Thank you to Virtual Sinner (virtualsin.wordpress.com) for this week’s TMI Tuesday questions.
1. You have been invited to a lingerie party at the Playboy Mansion.
Do you accept? What do you wear?
(for women) You have been invited to a private dinner at Godfather’s Pizza by Herman Cain.
(for men) The wife of a Fortune 500 CEO, reputed to have had extramarital relationships, invites you to a private dinner when the husband is out of town.
Do you accept? Why or why not?
ANS: Herman Cain does nothing for me sexually and while I am a business woman, I don't really want to pick his brain about business. If the wife of the CEO looked like Helen Mirren say 10 or more years ago...hell yeah!!! (I still think Ms. Mirren is sexy).
3. Charlie Sheen (for women) or Your favorite female porn star (for men) is making a movie in the city where you live. You happen to meet him/her, and he/she suggests you stop by his/her hotel for a drink?
Do you go?
ANS: Charlie Sheen is gross to me, so NO! If my favorite female porn star Jada Fire (the way she looked mid-career ...who am I kidding, I do her now) invited me to her hotel I am soooo there! The things I'd like to do to her.
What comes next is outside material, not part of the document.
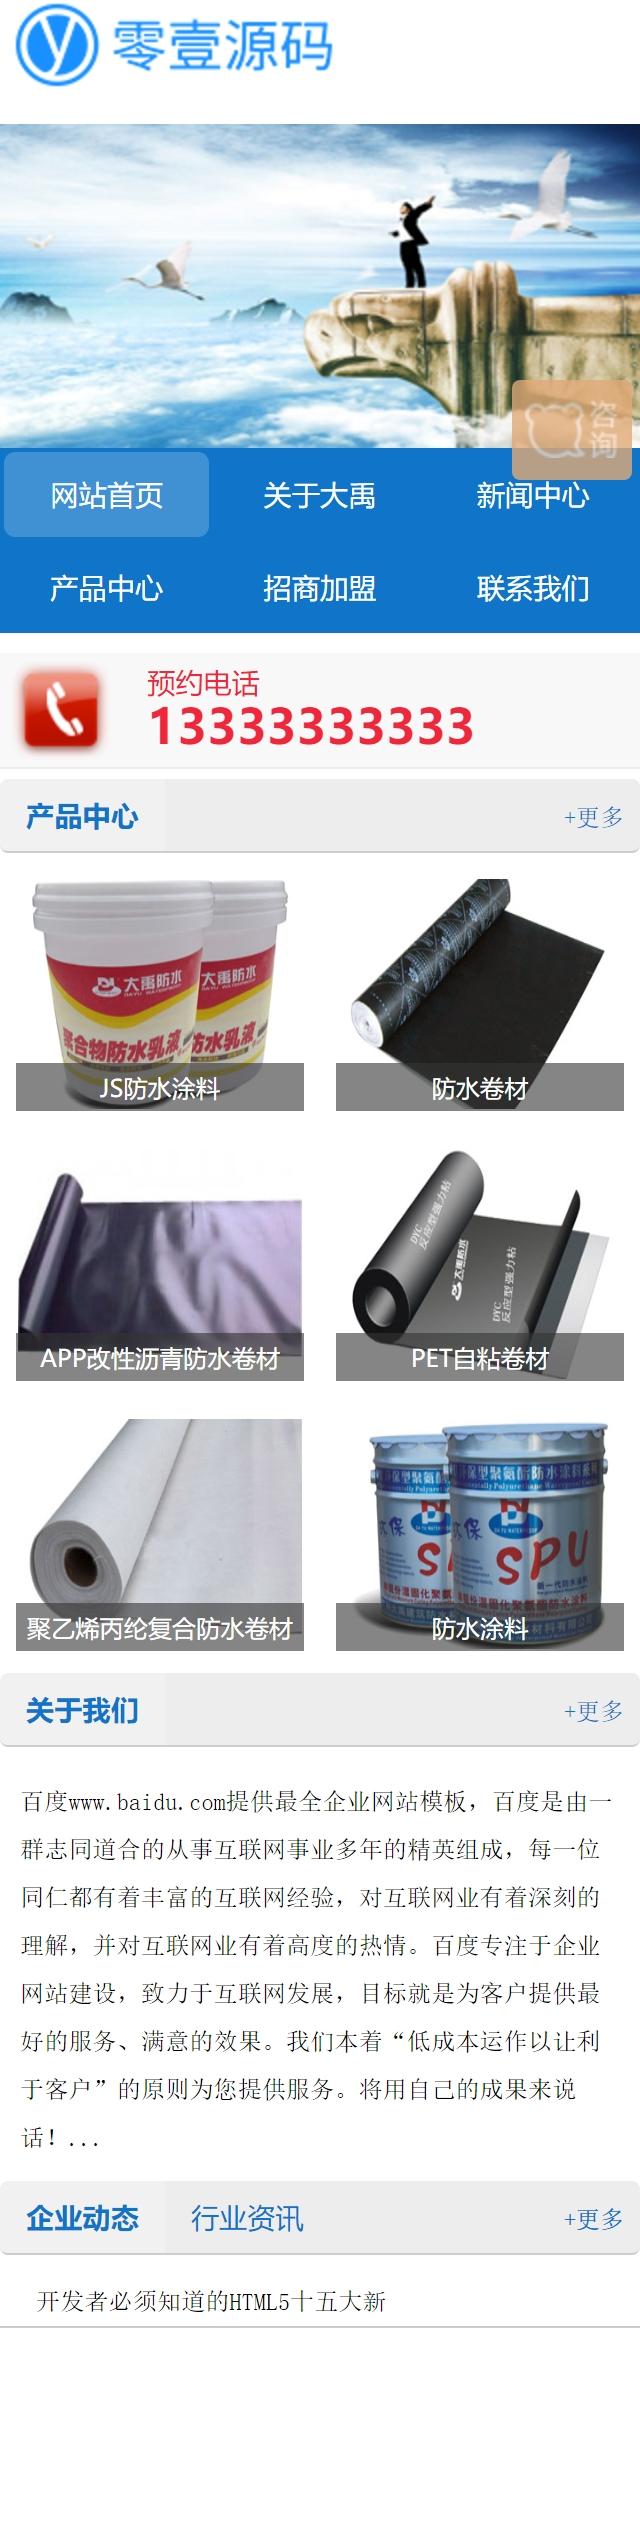 织梦dedecms蓝色企业通用型网站手机模板(独立后台)

4. Your boss (of the opposite sex) who has been very flirty with you insists that when you’ve finished a project by working late or on a weekend you bring it by his/her house immediately?
Do you go? Yes or no.
Do you go alone or take a friend along?
ANS: If it is really urgent that I go, sure I'll go. If he or she has been flirty I can rebuff them and to be sure things don't get out of control I would take along a friend, unannounced.
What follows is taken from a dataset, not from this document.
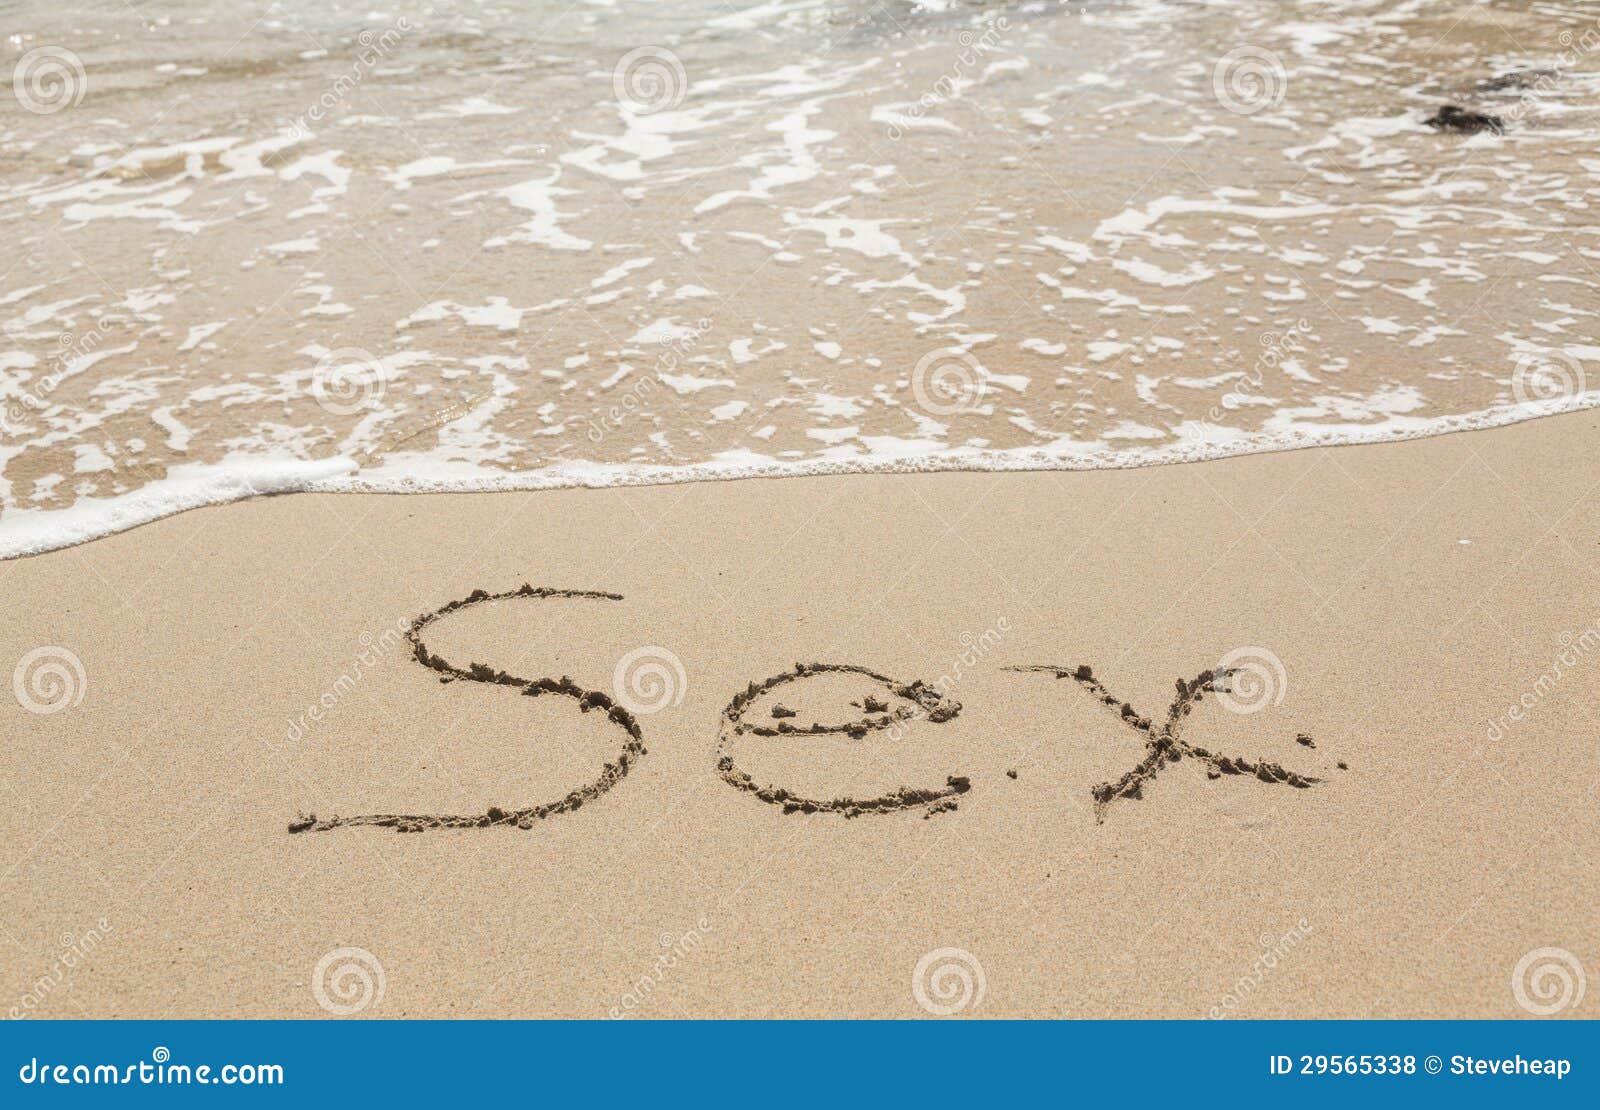 sexe plage com lr sexe

5. You’re working on a political campaign. Late one evening, you get a call from the campaign manager saying the candidate (of the opposite sex) would like to see you right away in his/her hotel room.
Do you go? Yes or no.
Do you tell someone you are going there or keep it a secret?
What do you wear?
ANS: Depending upon one's duties with the campaign, late night hotel meetings are not unusual. However, if your job is to pass out leaflets I'd say something is amiss :D If I was looking to make a name for myself I could accept the invitation and tell my BFF I was going. Then show up in something sexually enticing.
The bow at the waist is flirty and suggestive-- "unwrap me".
Whether anything happens or not doesn't matter. It will all come out at the most opportune time for my candidate's opponent that I had regular nighttime meetings and always showed up in skimpy clothing. (Anyone remember when Monica Lewinsky confided in co-worker Linda Tripp about Bill Clinton?)